Work order: The answer must consist only of the lines in the records below from the line with "Samsung HT-TZ315R/EDC, HT-TZ212R/EDC, HT-Z310R/EDC, HT-Z210R/EDC" to the line with "United States, Massachusetts, Cape", both included, copied word for word with every picture left out.

Dataset records:
************

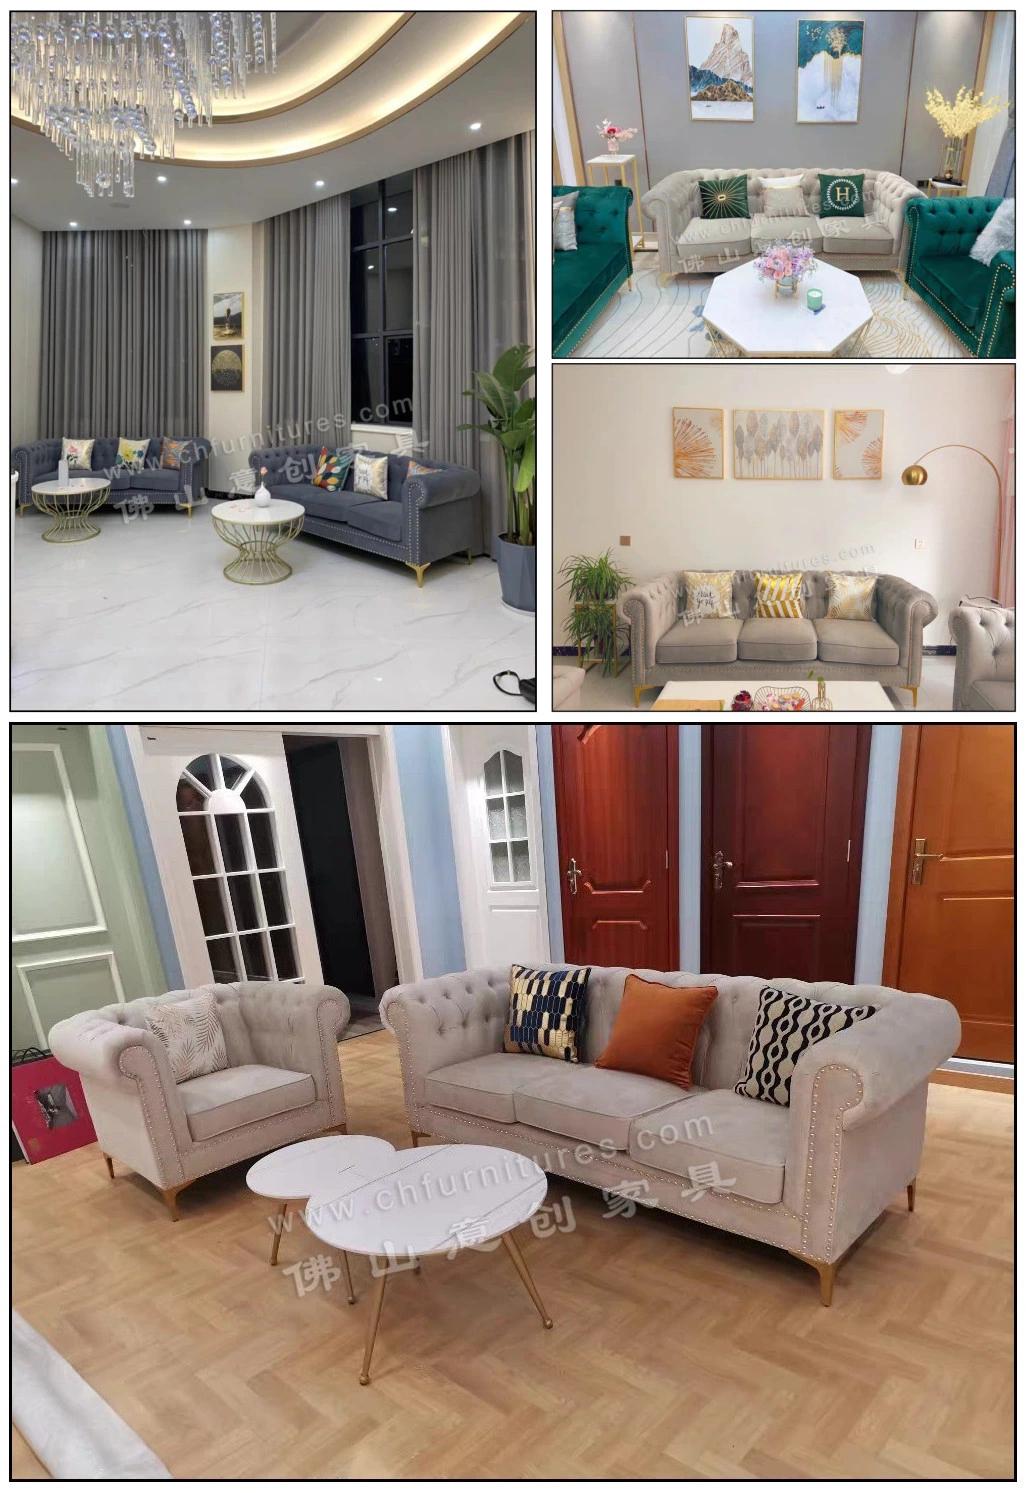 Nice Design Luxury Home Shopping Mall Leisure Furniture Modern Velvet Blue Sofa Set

************

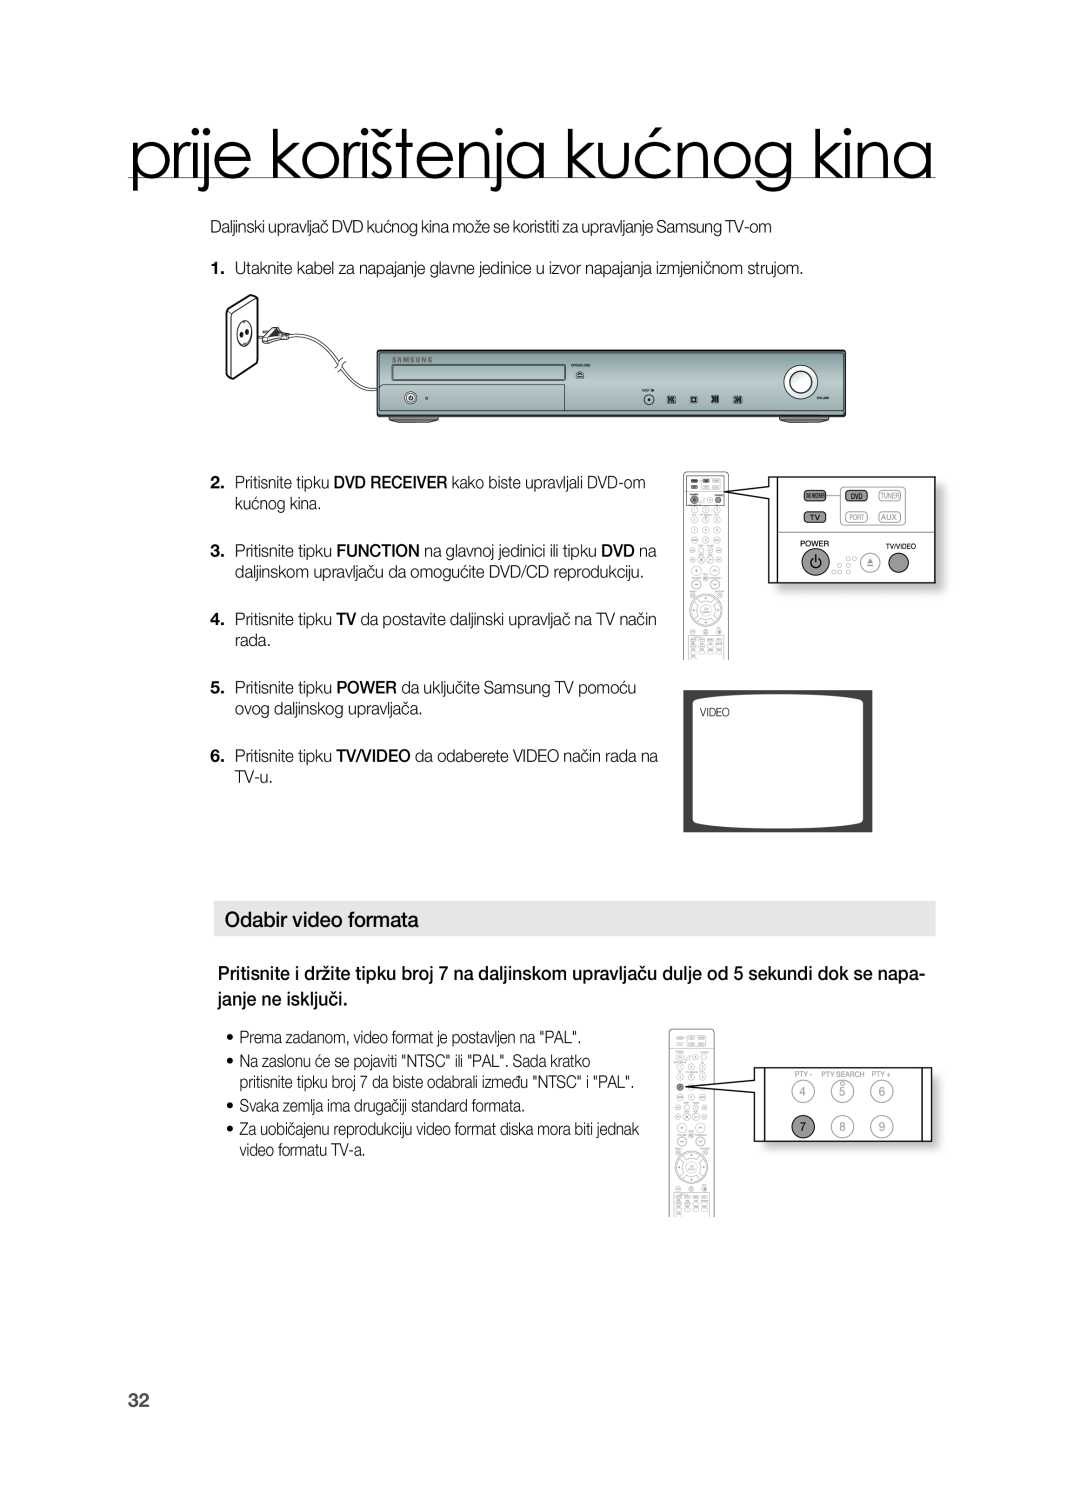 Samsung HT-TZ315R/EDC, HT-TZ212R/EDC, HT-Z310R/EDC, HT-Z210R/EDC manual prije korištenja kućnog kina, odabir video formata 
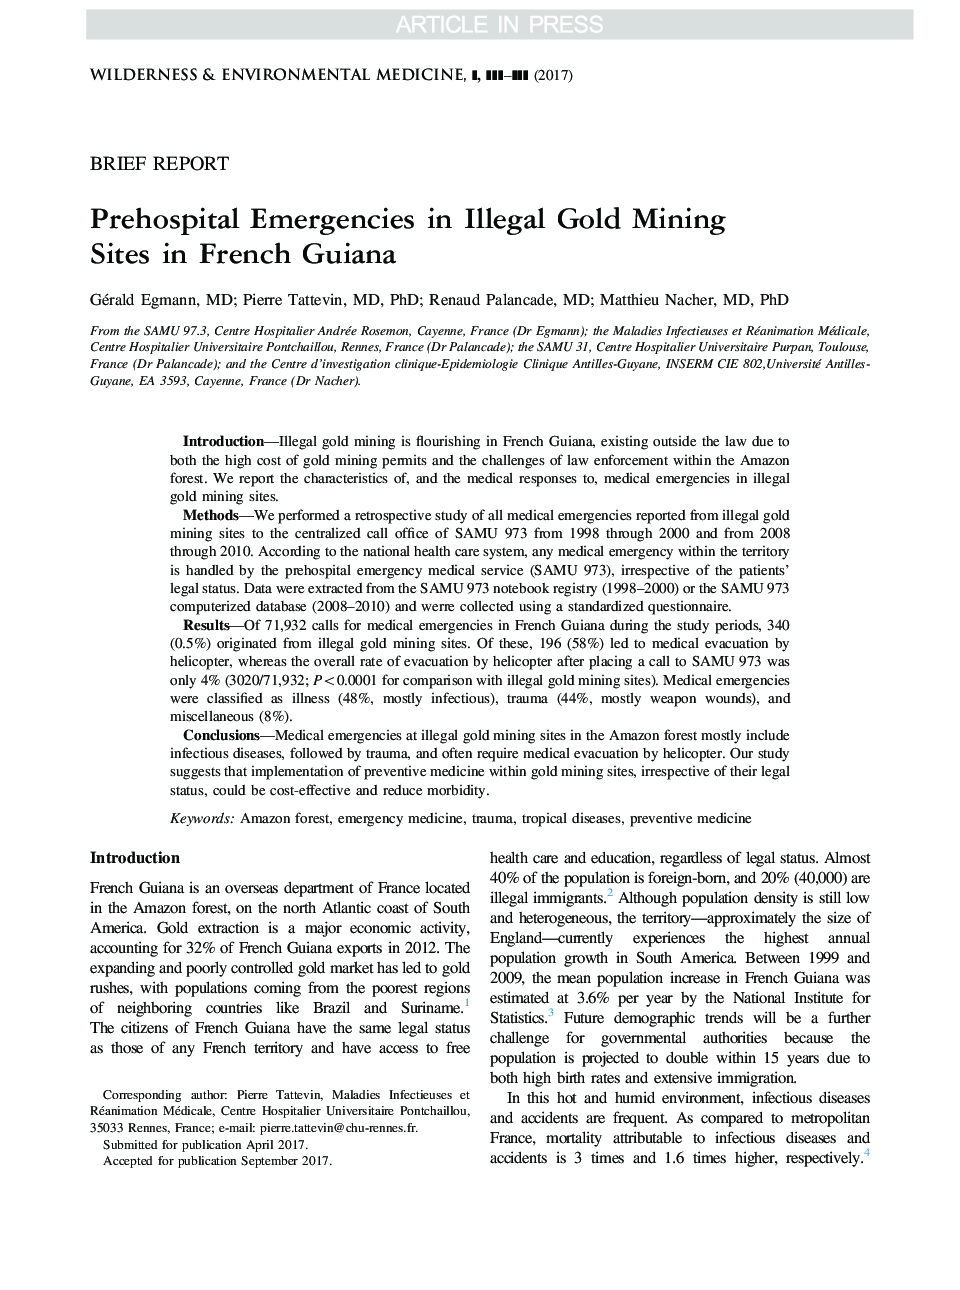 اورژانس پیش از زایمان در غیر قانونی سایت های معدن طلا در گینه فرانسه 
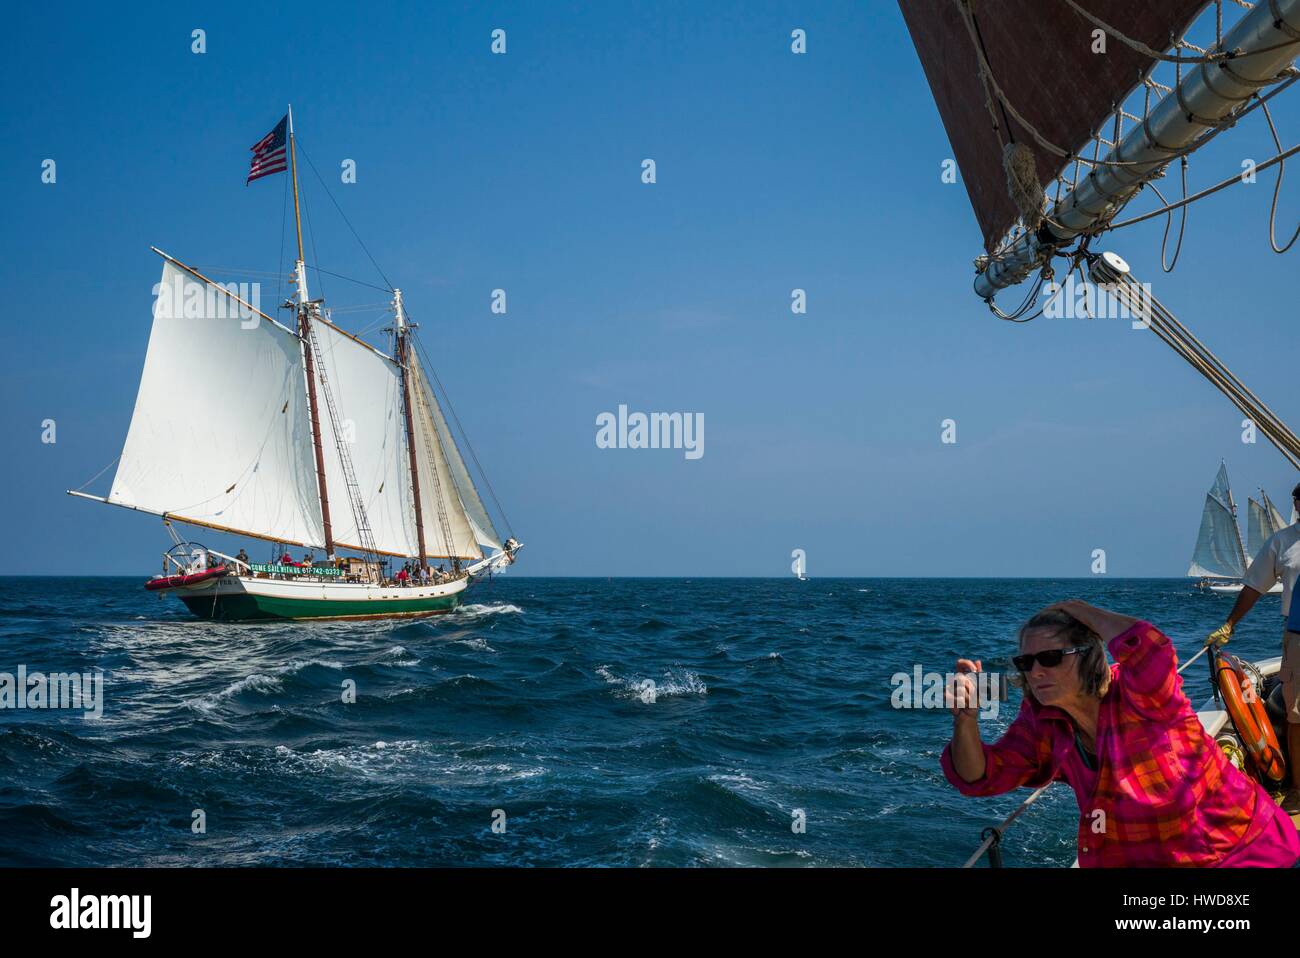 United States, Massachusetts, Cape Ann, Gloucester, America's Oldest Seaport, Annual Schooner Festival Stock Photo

************

Solved problem:
 Samsung HT-TZ315R/EDC, HT-TZ212R/EDC, HT-Z310R/EDC, HT-Z210R/EDC manual prije korištenja kućnog kina, odabir video formata 
 اورژانس پیش از زایمان در غیر قانونی سایت های معدن طلا در گینه فرانسه 
 United States, Massachusetts, Cape Ann, Gloucester, America's Oldest Seaport, Annual Schooner Festival Stock Photo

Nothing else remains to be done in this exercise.